### WHAT IS NEEDED
Begin the copy at the line containing "Latina Recliner Sofa" and end it at the final line of the material below, reproducing each line exactly, without images.

### DATASET CONTENT
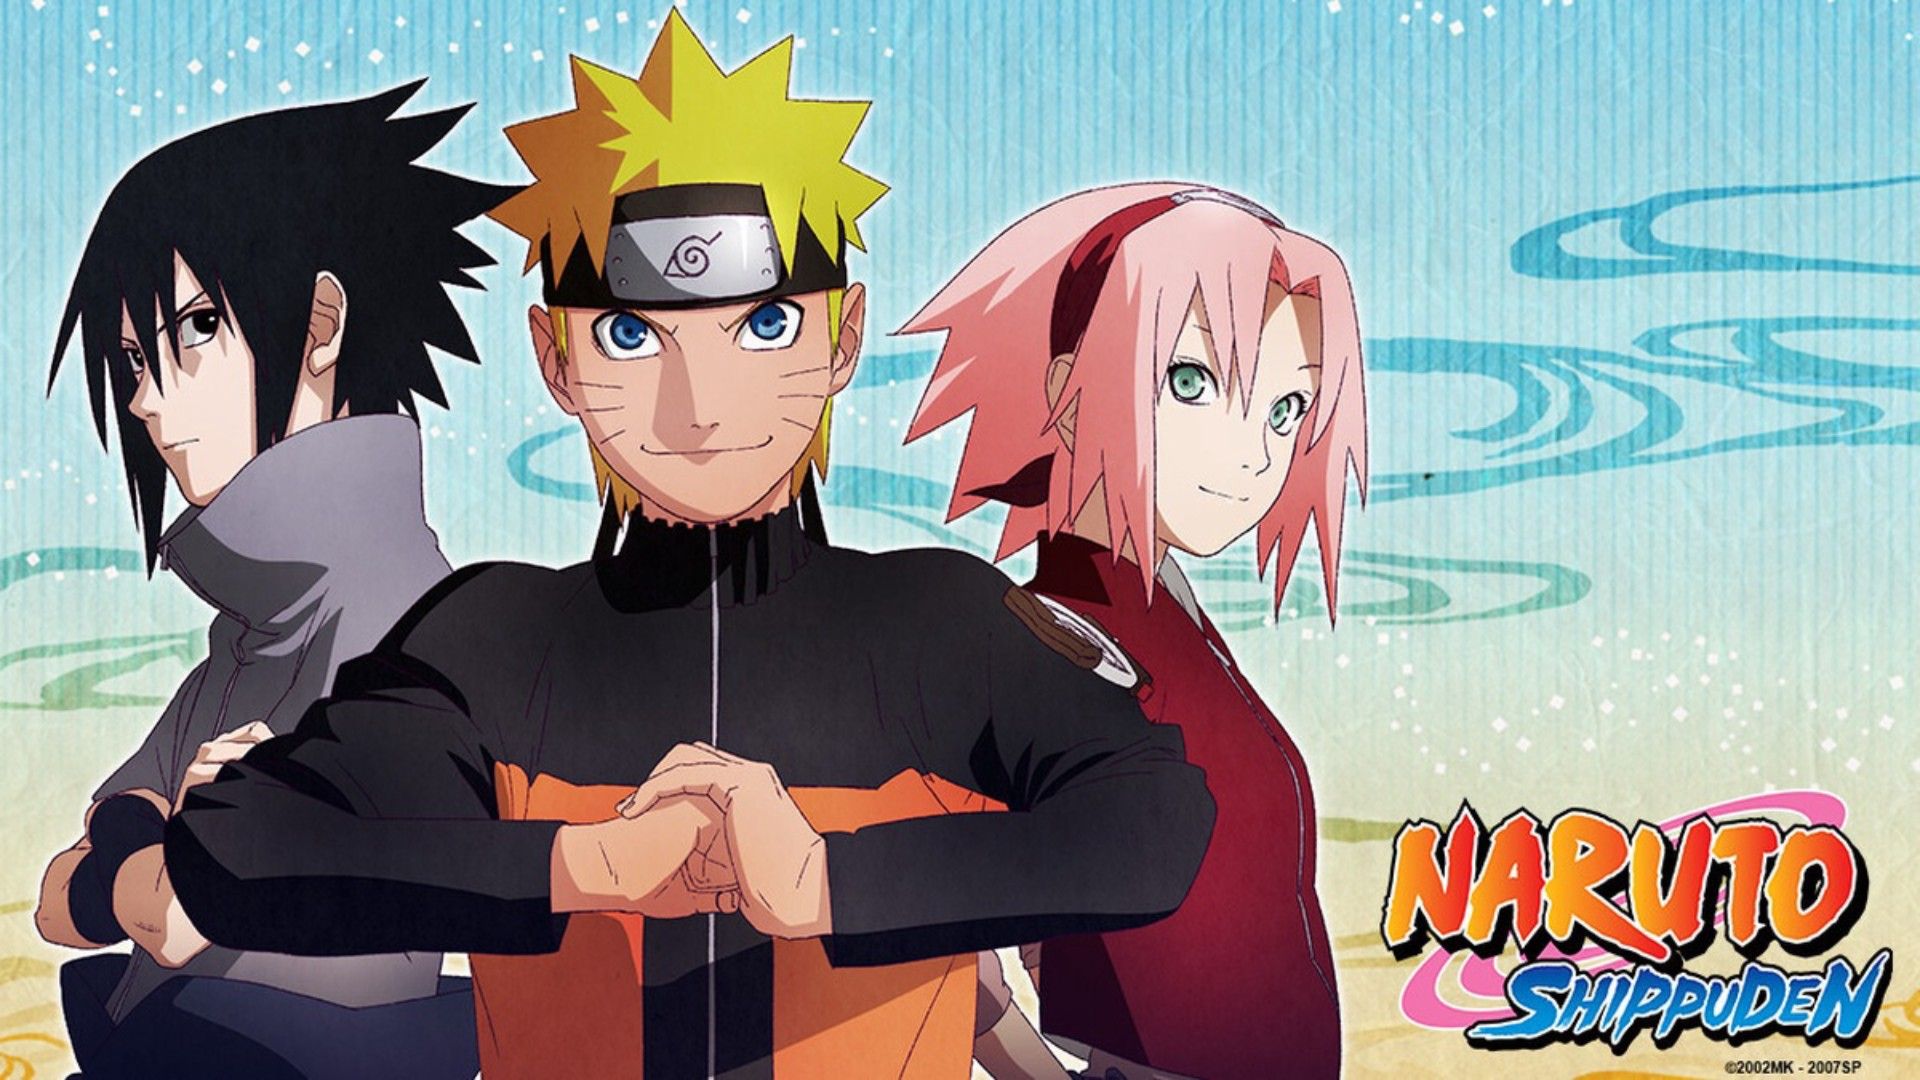 Naruto Shippuden Episodes 398-448 English Dubbed / Japanese
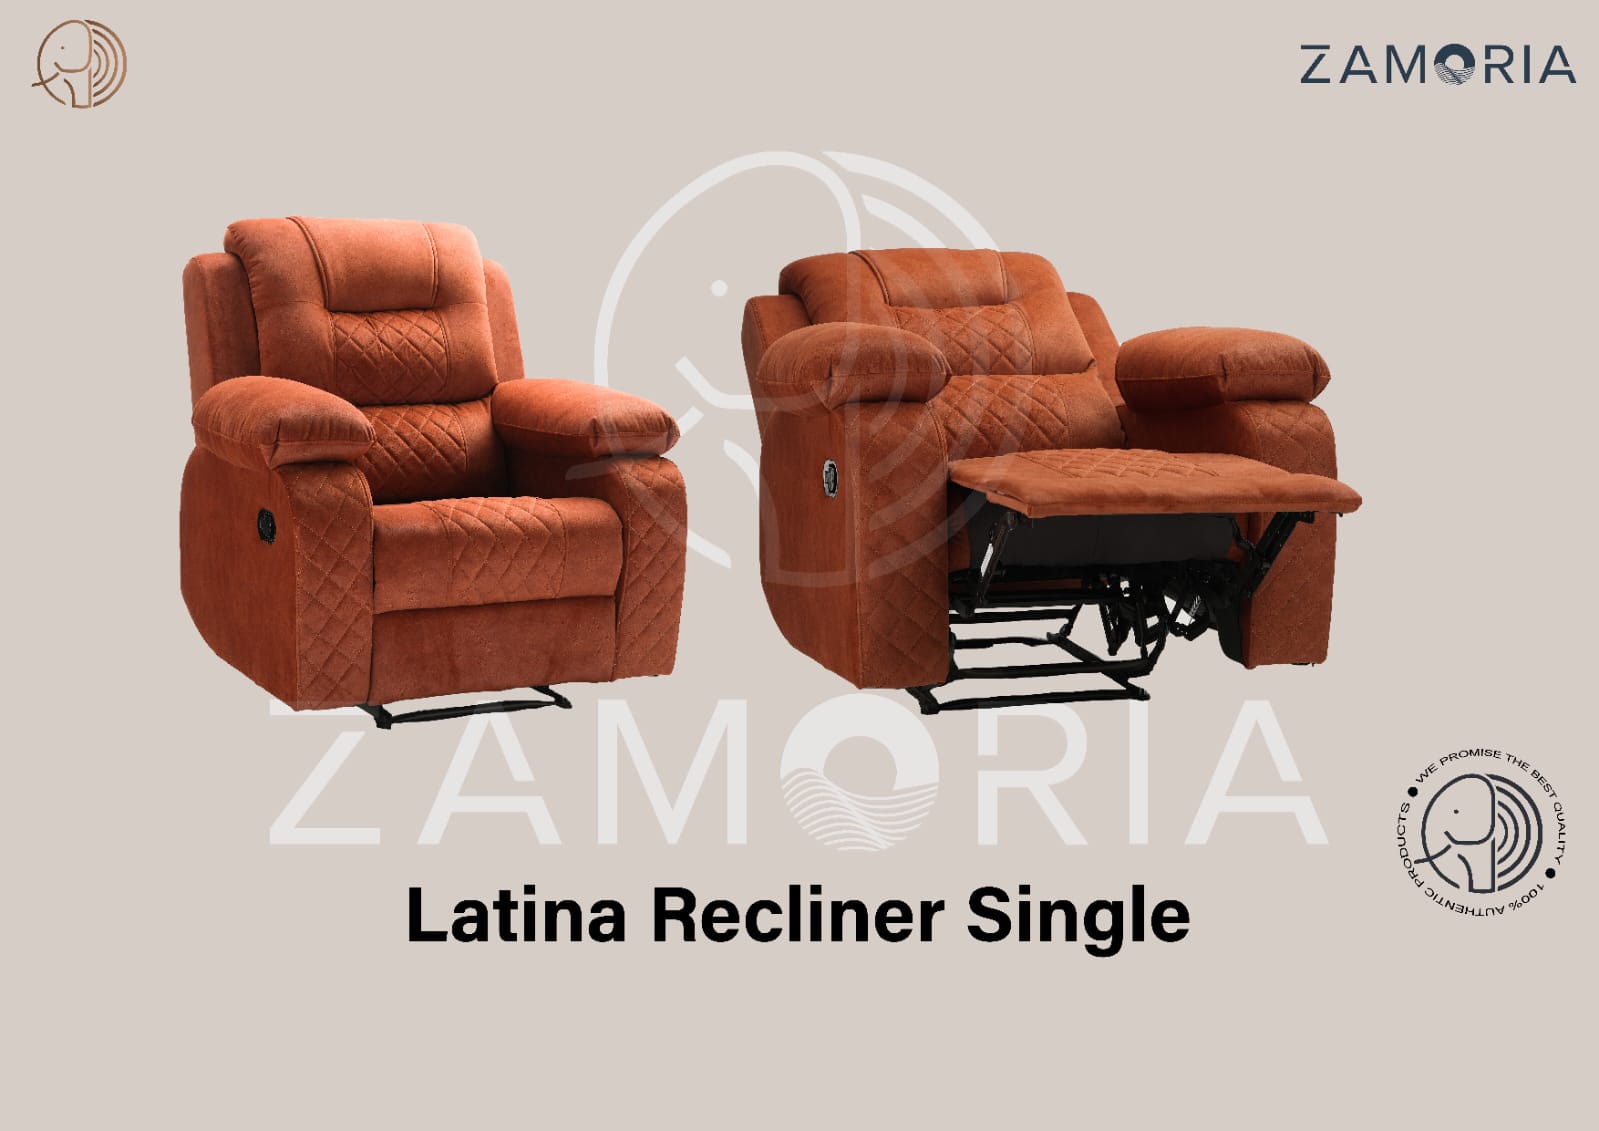 Latina Recliner Sofa
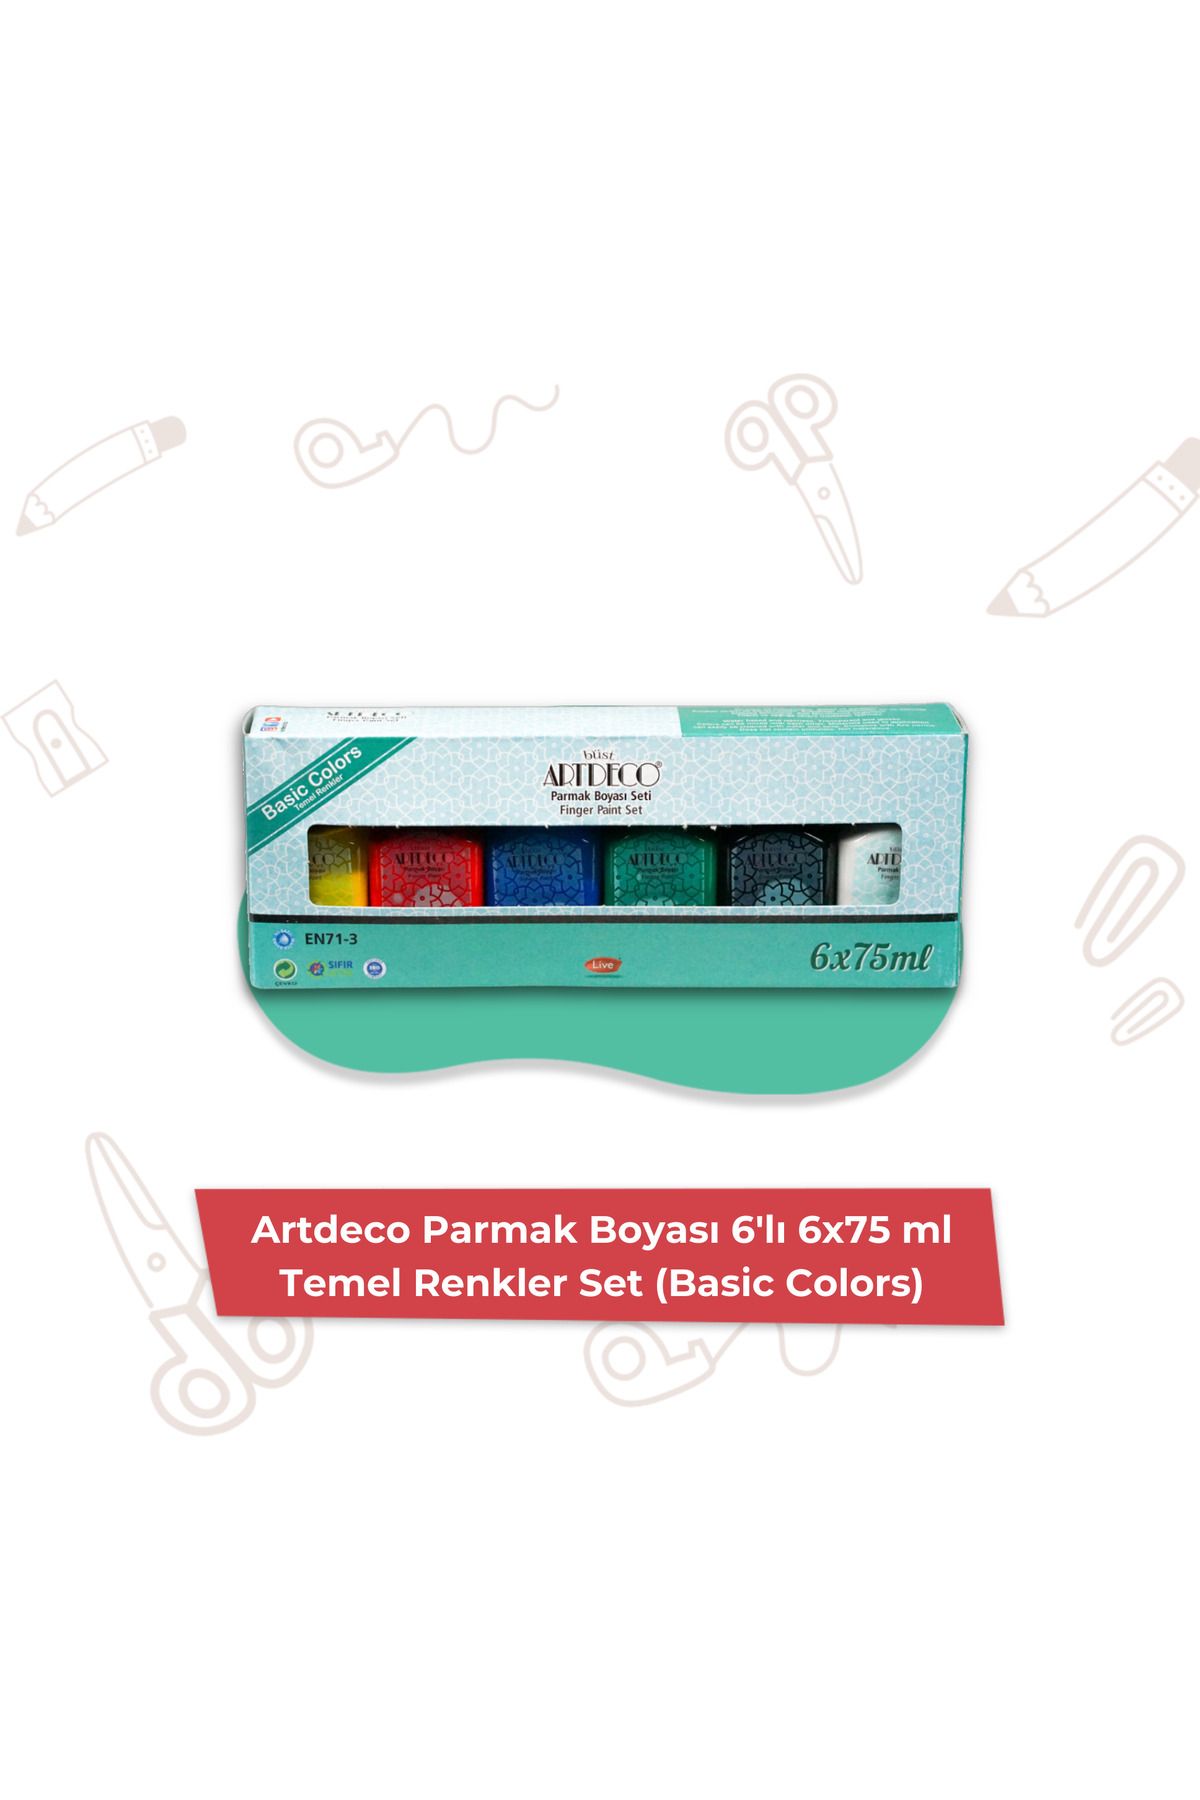 Artdeco Parmak Boyası 6'lı 6x75 ml Temel Renkler Set (Basic Colors)
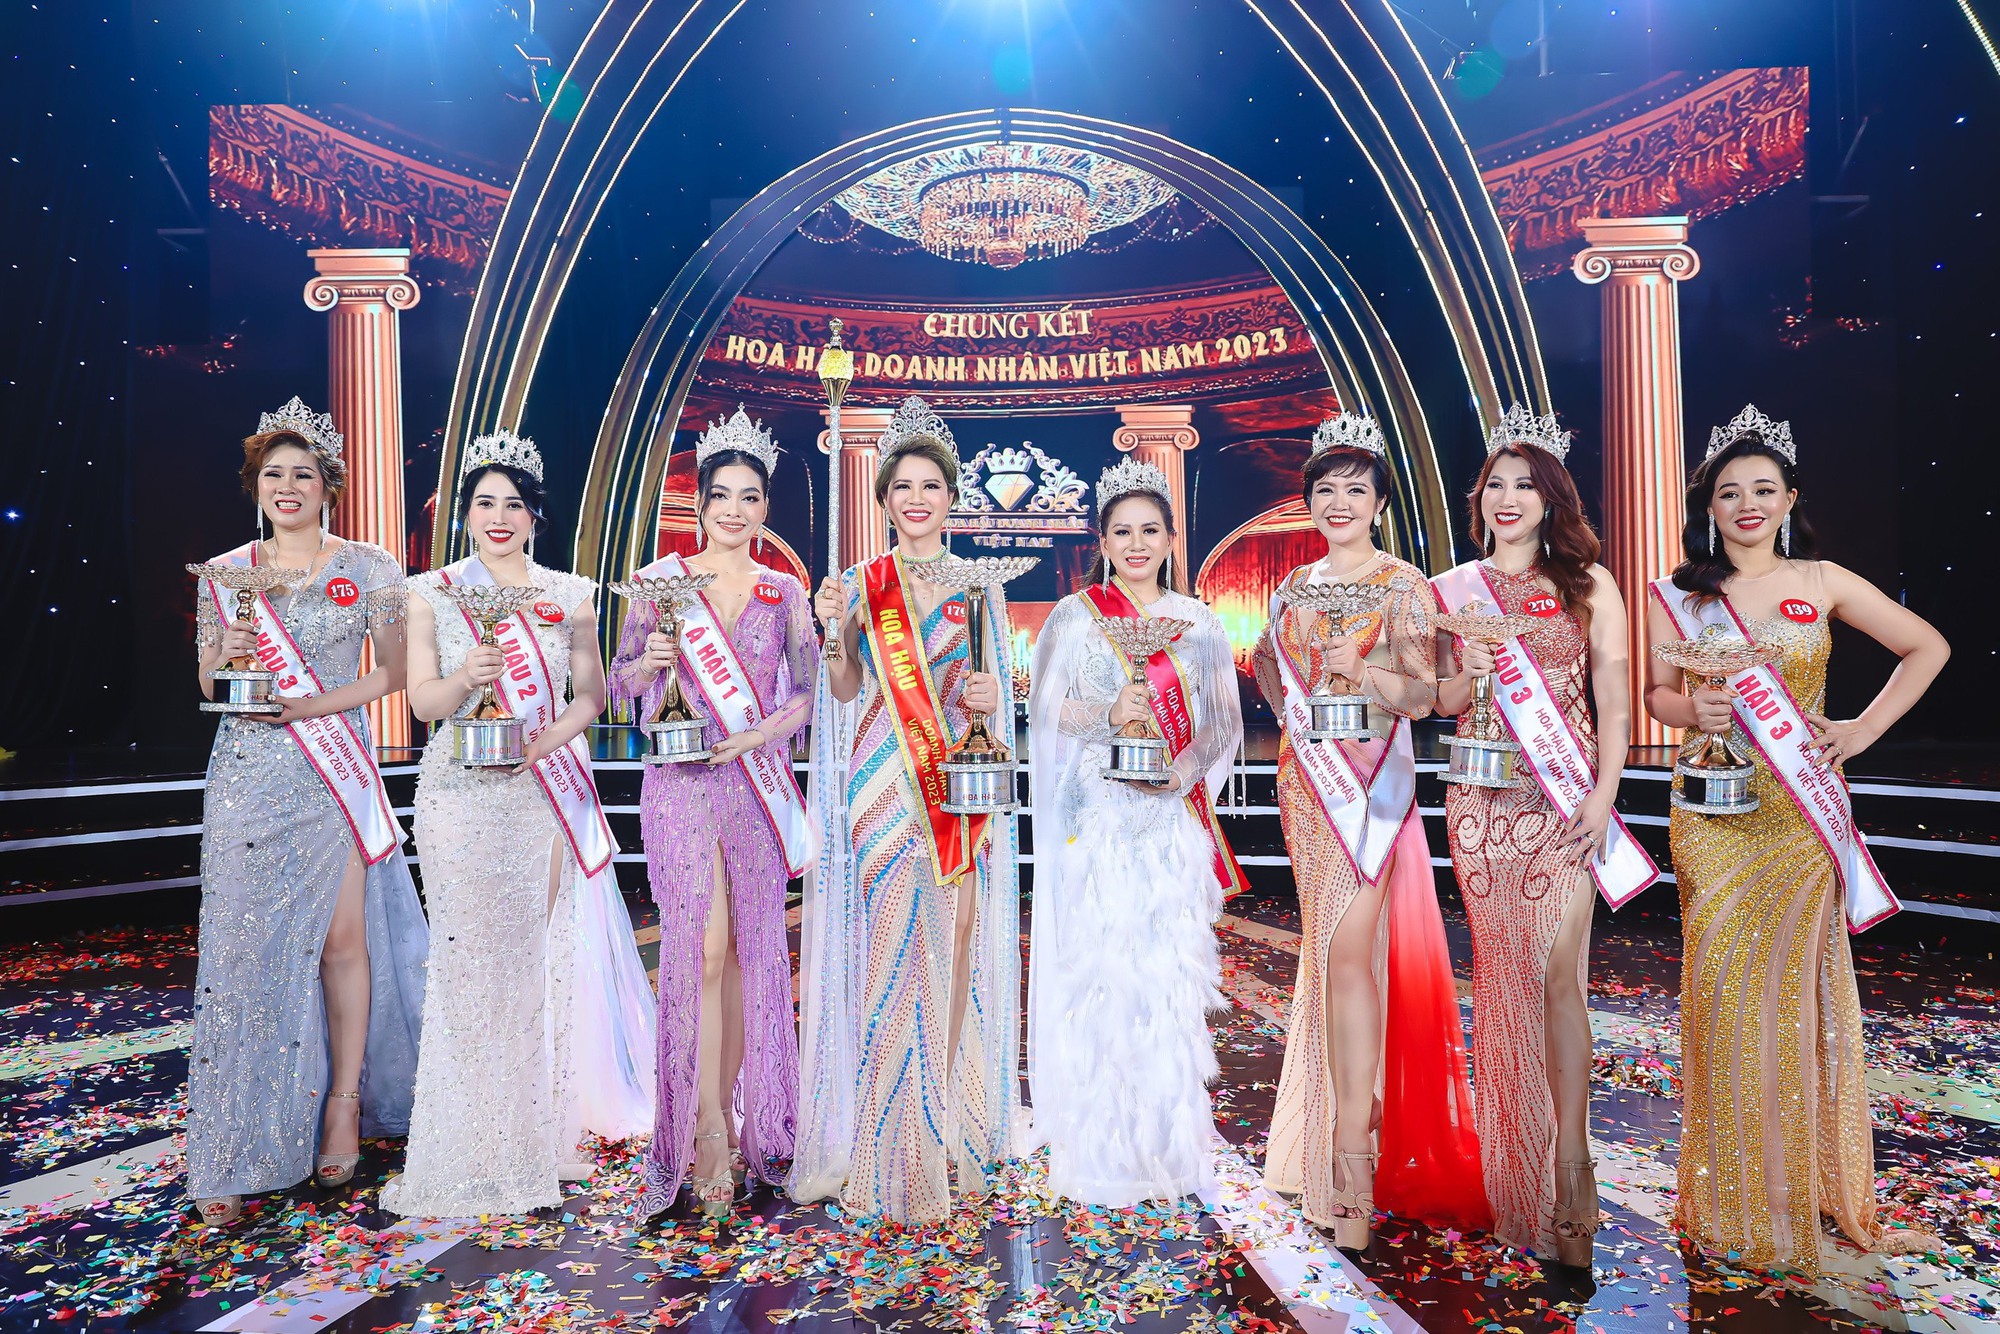 Chung kết Hoa hậu Doanh nhân Việt Nam 2023 do công ty Topstar tổ chức vào tháng 3 tại TP Đà Nẵng. Hiện, đơn vị này đang tranh chấp tên gọi với công ty URA Việt Nam. (ảnh: BTC)

### ANSWER SPACE
 Latina Recliner Sofa
 Artdeco Parmak Boyası 6'lı 6x75 ml Temel Renkler Set (Basic Colors)
 Chung kết Hoa hậu Doanh nhân Việt Nam 2023 do công ty Topstar tổ chức vào tháng 3 tại TP Đà Nẵng. Hiện, đơn vị này đang tranh chấp tên gọi với công ty URA Việt Nam. (ảnh: BTC)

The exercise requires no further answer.